### Source data

►

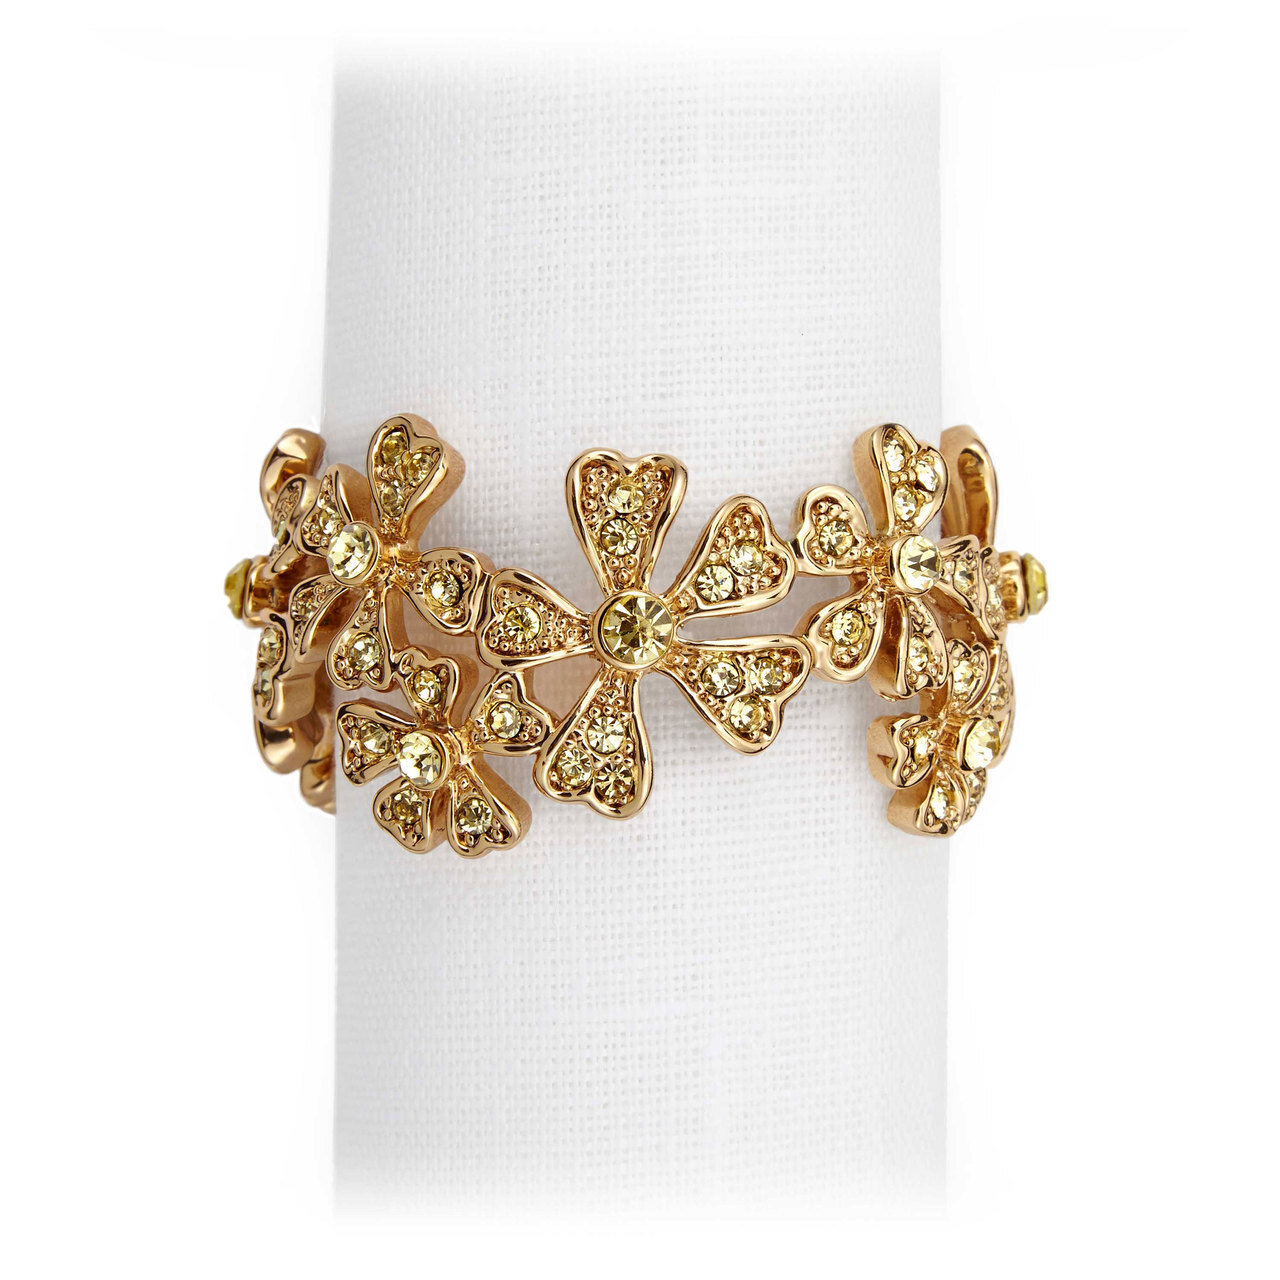 L'Objet Gold with Yellow Crystals Garland Napkin Holder
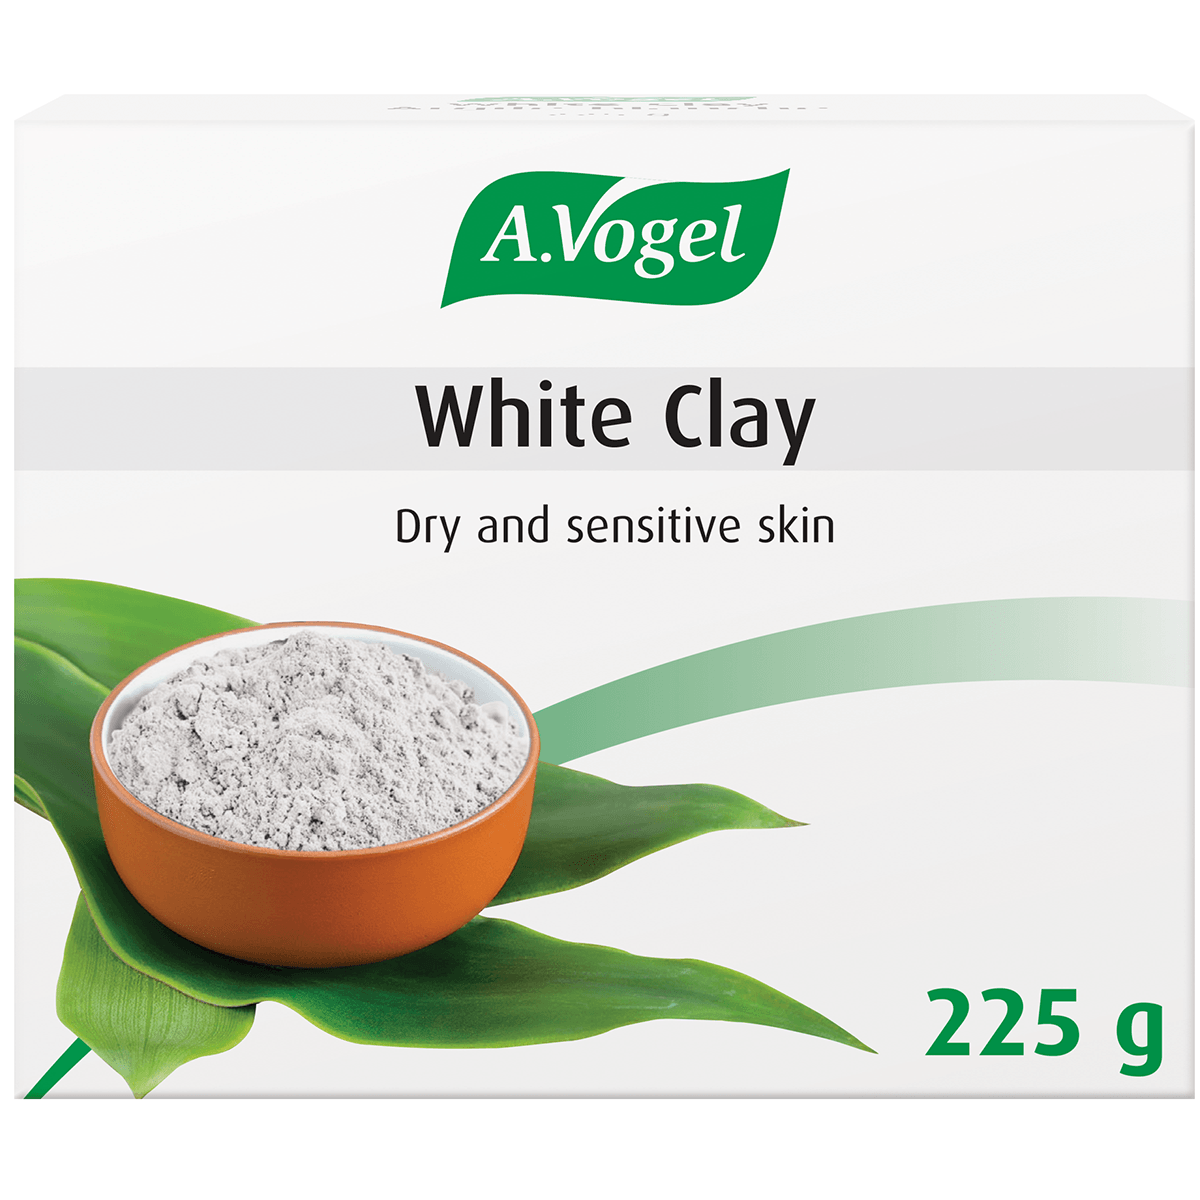 A. Vogel White Clay 225g Face Mask at Village Vitamin Store
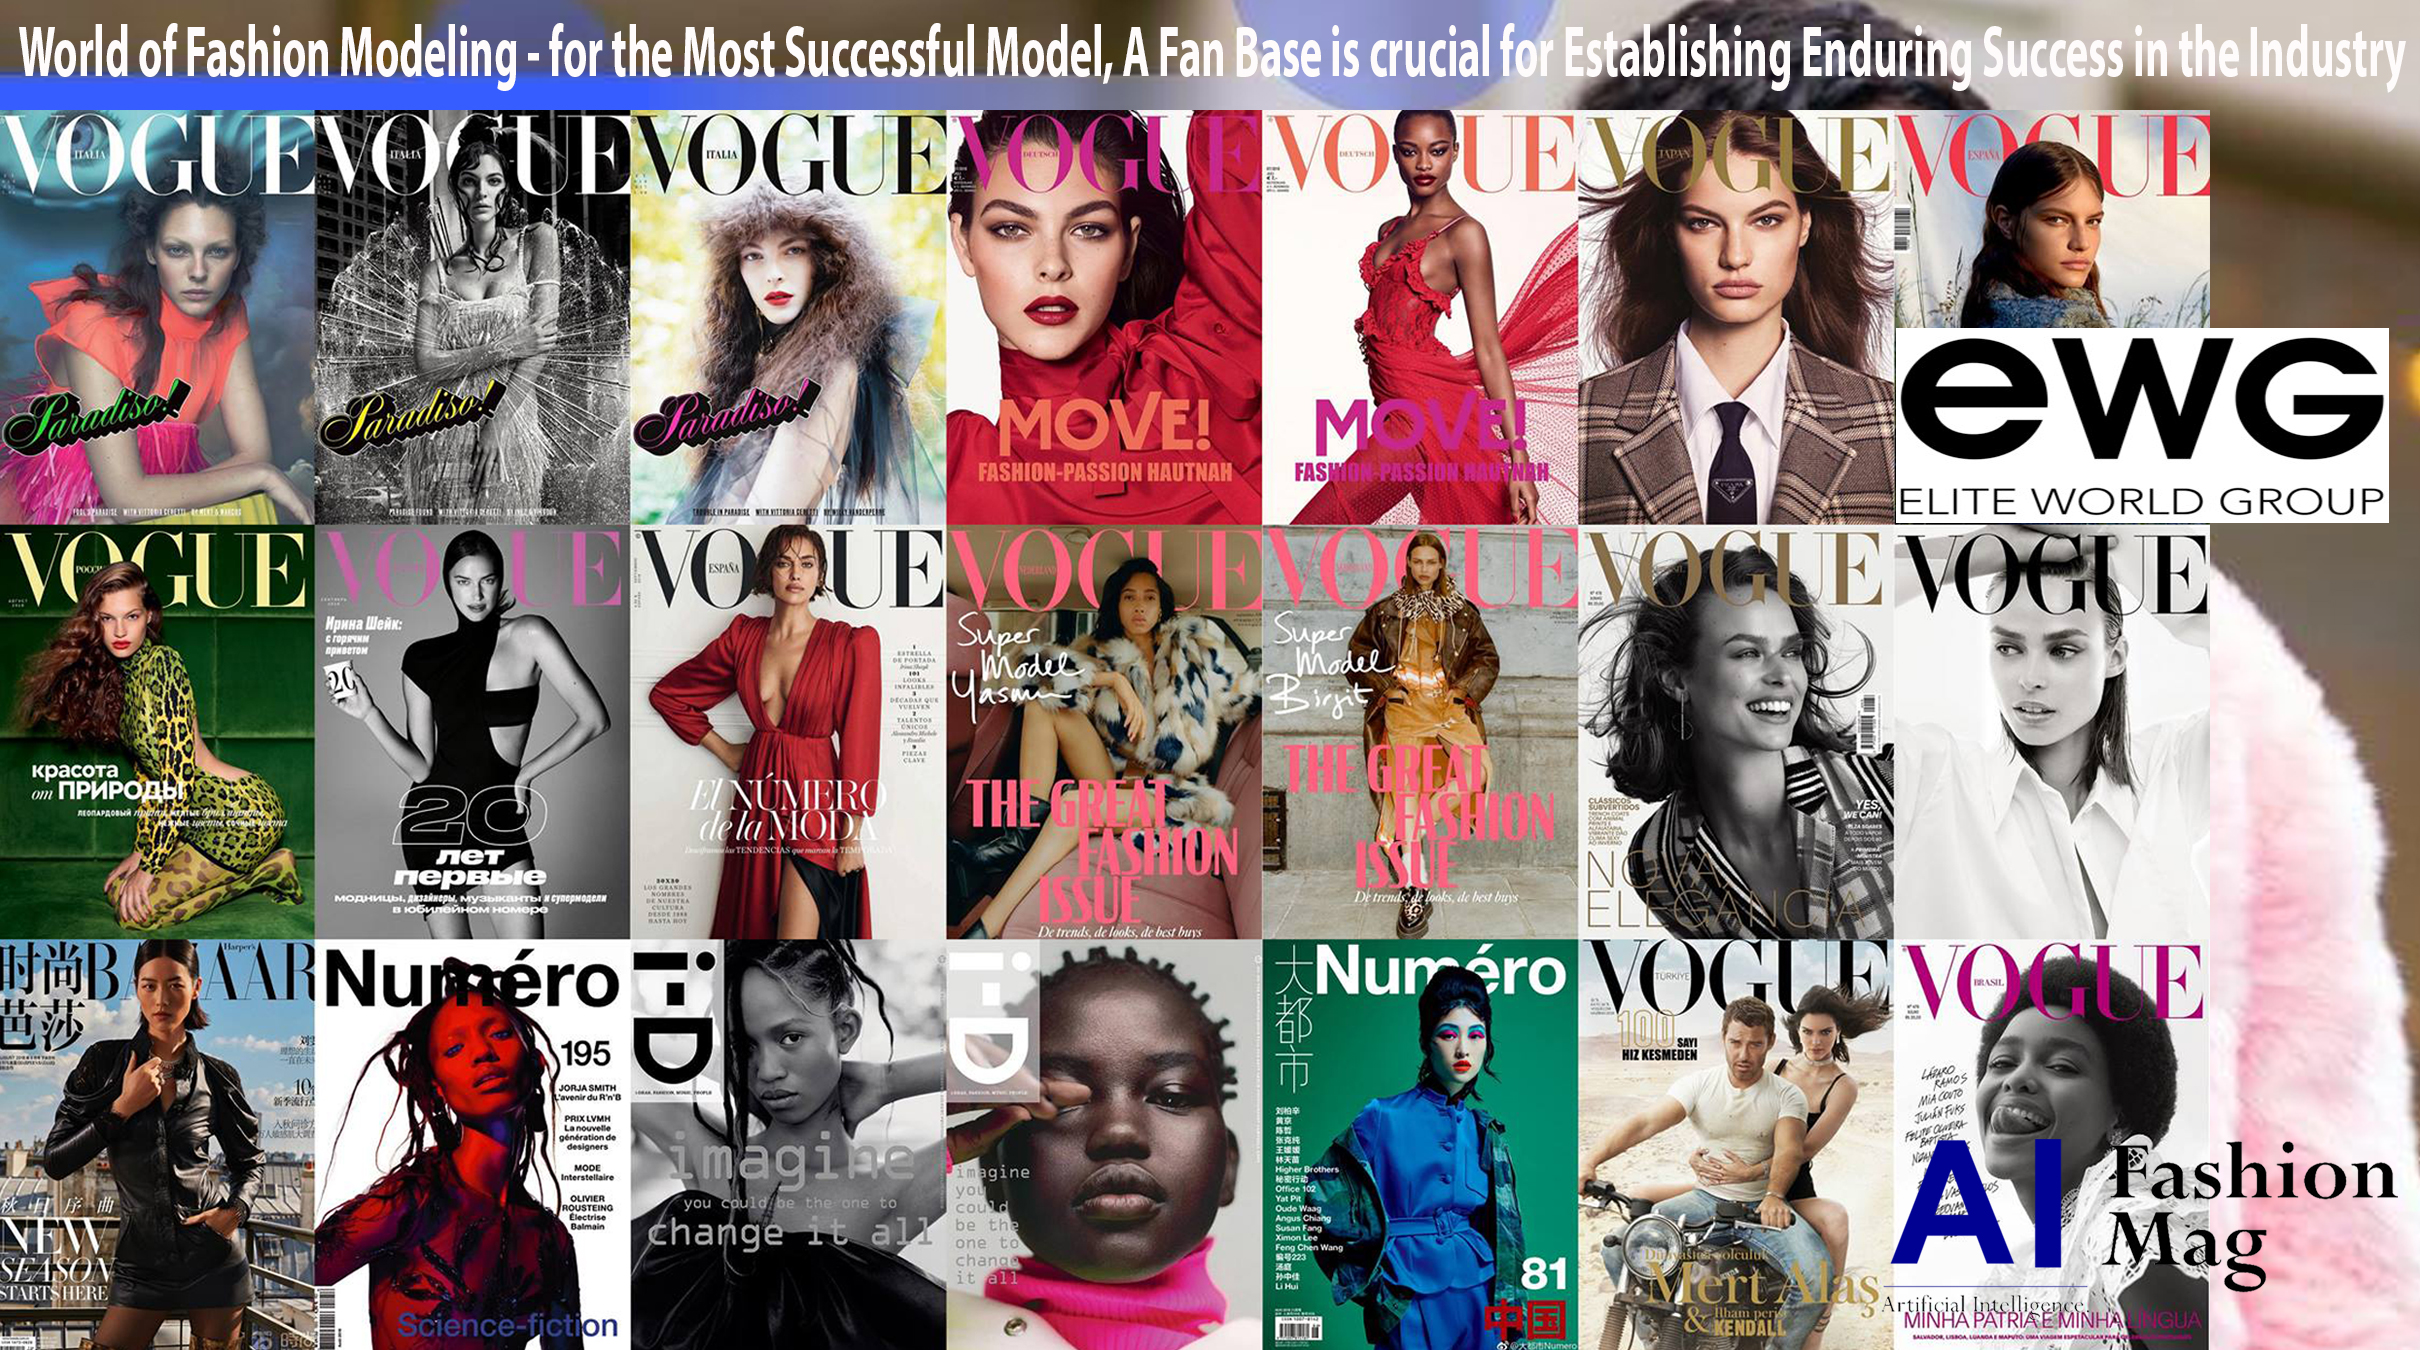 AFRICA-VOGUE-COVER-World-of-Fashion-Modeling-for-the-Most-Successful-Model-A-Fan-Base-is-crucial-for-Establishing-Enduring-Success-in-the-Industry -DN-AFRICA-Media-Partner

◄

Write out the whole listing above exactly, minus images.

### Exercise output
 L'Objet Gold with Yellow Crystals Garland Napkin Holder
 A. Vogel White Clay 225g Face Mask at Village Vitamin Store
 AFRICA-VOGUE-COVER-World-of-Fashion-Modeling-for-the-Most-Successful-Model-A-Fan-Base-is-crucial-for-Establishing-Enduring-Success-in-the-Industry -DN-AFRICA-Media-Partner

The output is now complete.